The Great Migration, a spectacle of millions of wildlife moving between the Mara and the Serengeti plains in neighbouring Tanzania, were this week praised by a popular television show in America as the new Seventh Wonder of the World.
This has caused excitement in Kenya because of the interest it will generate for the destination and the consequent increase in tourism that it is expected to bring. Tourism is, of course, one of the pillars of the Kenyan economy and a facet of our culture.
The government keeps a wary eye on tourist arrivals, knowing that a reduction, caused by travel advisories or security scares, will have serious implications on revenues and growth. Kenyan tourism had taken a beating after the terrorist attacks in Nairobi and Mombasa, competition from similar destinations and the poor state of the infrastructure.
However, a massive and largely productive marketing effort has turned around the sector with arrivals rising by 13 per cent to more than half a million visitors in the first seven months of this year.
The Seventh Wonder news will boost these efforts and generate even more tourism business. This is in direct conflict with the reason why the Mara, and other wilds, are popular: Because they are raw, untouched nature. They are praised as places where human development is scarce and teeming species of game co-exist in relative peace.
The absence of human habitation is a magnet to people, setting off a chain reaction which would ultimately, left unchecked, destroy the very reason why such places are attractive.

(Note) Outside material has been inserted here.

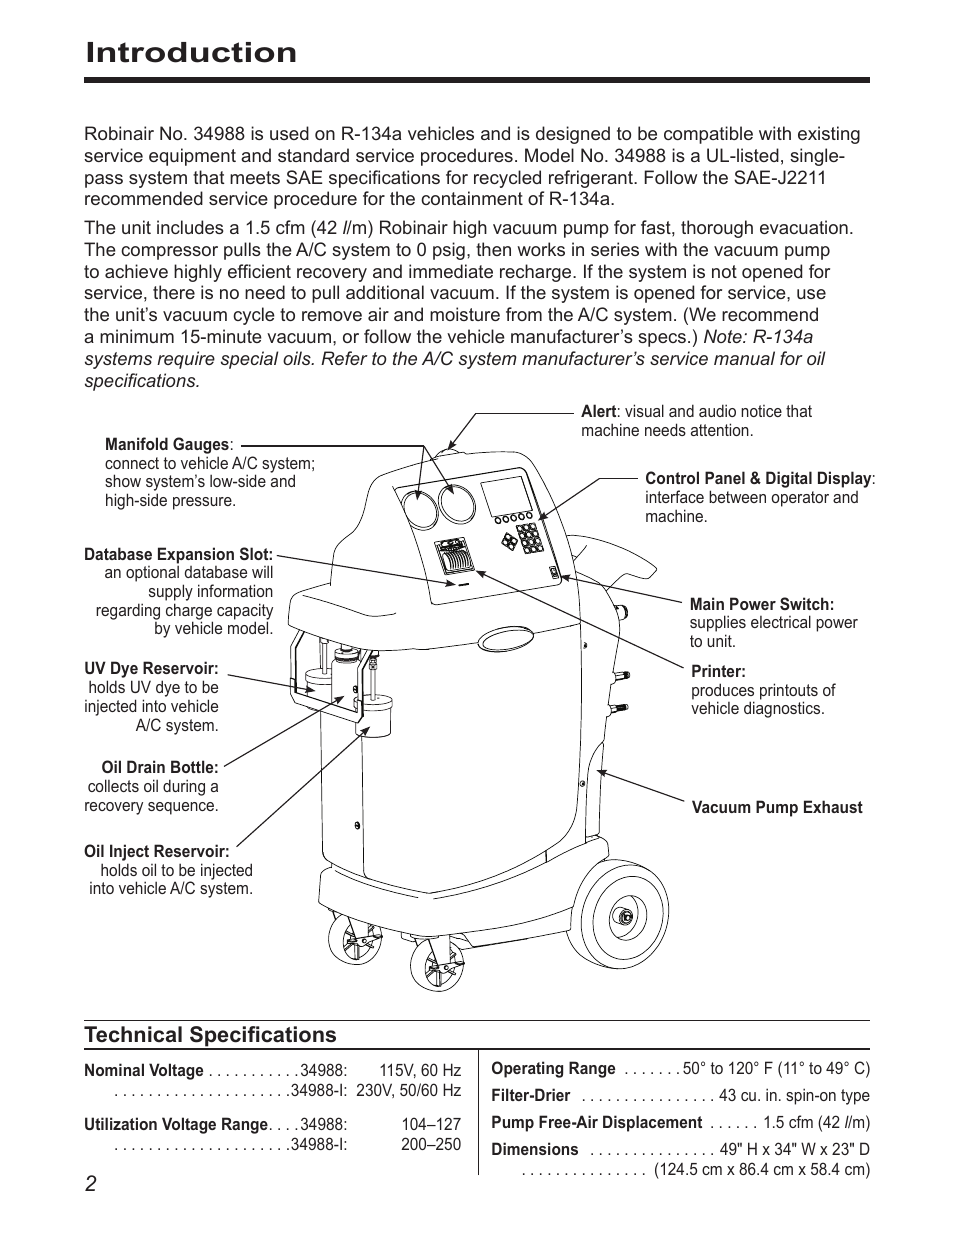 Robin air cooltech 34700z manual.

There are already concerns about the increasing human traffic in these wilds; a lion can hardly eat a gazelle without 10 or 20 cameras in its face, a cheetah cannot take a nap in the afternoon without an assembly of humans peeping from their mini buses. At this rate, according to one wag, we will need traffic lights in the Mara in the next couple of years. And then it will no longer be a wonder.
Showing off our wilds is part of our culture. But the whole of humanity cannot be bussed into the parks at the same time without destroying them. We need stringent conservation regulations to control human traffic in the wild.
There are only so many hotels, game lodges and tent camps you can have in - and around - a game park without edging out the zebras. We welcome the moratorium on the construction of new lodges in parks.
It is also encouraging that there are strategy meetings taking place this weekend to address conservation. We urge radical and firm resolutions which will take a long term view of eco-tourism.
Secondly, we need to formulate strategies to improve the value of Kenya as a destination so that there are fewer visitors paying more to get into the wild. The focus should be yield rather than brute numbers.
Thirdly, the infrastructure serving our game reserves is a total disgrace. A more determined effort must be made to plough back tourism revenues into maintaining roads and improving security.
Finally, more efficient management, conservation and ownership structures are required. The game parks might be in communal lands but do such communities have the capacity to manage and conserve the wilds in a modern, competitive and profitable manner?
Being Seventh Wonder is going to be a lot harder and require a lot more investment and work than being the Fleeting Wonder.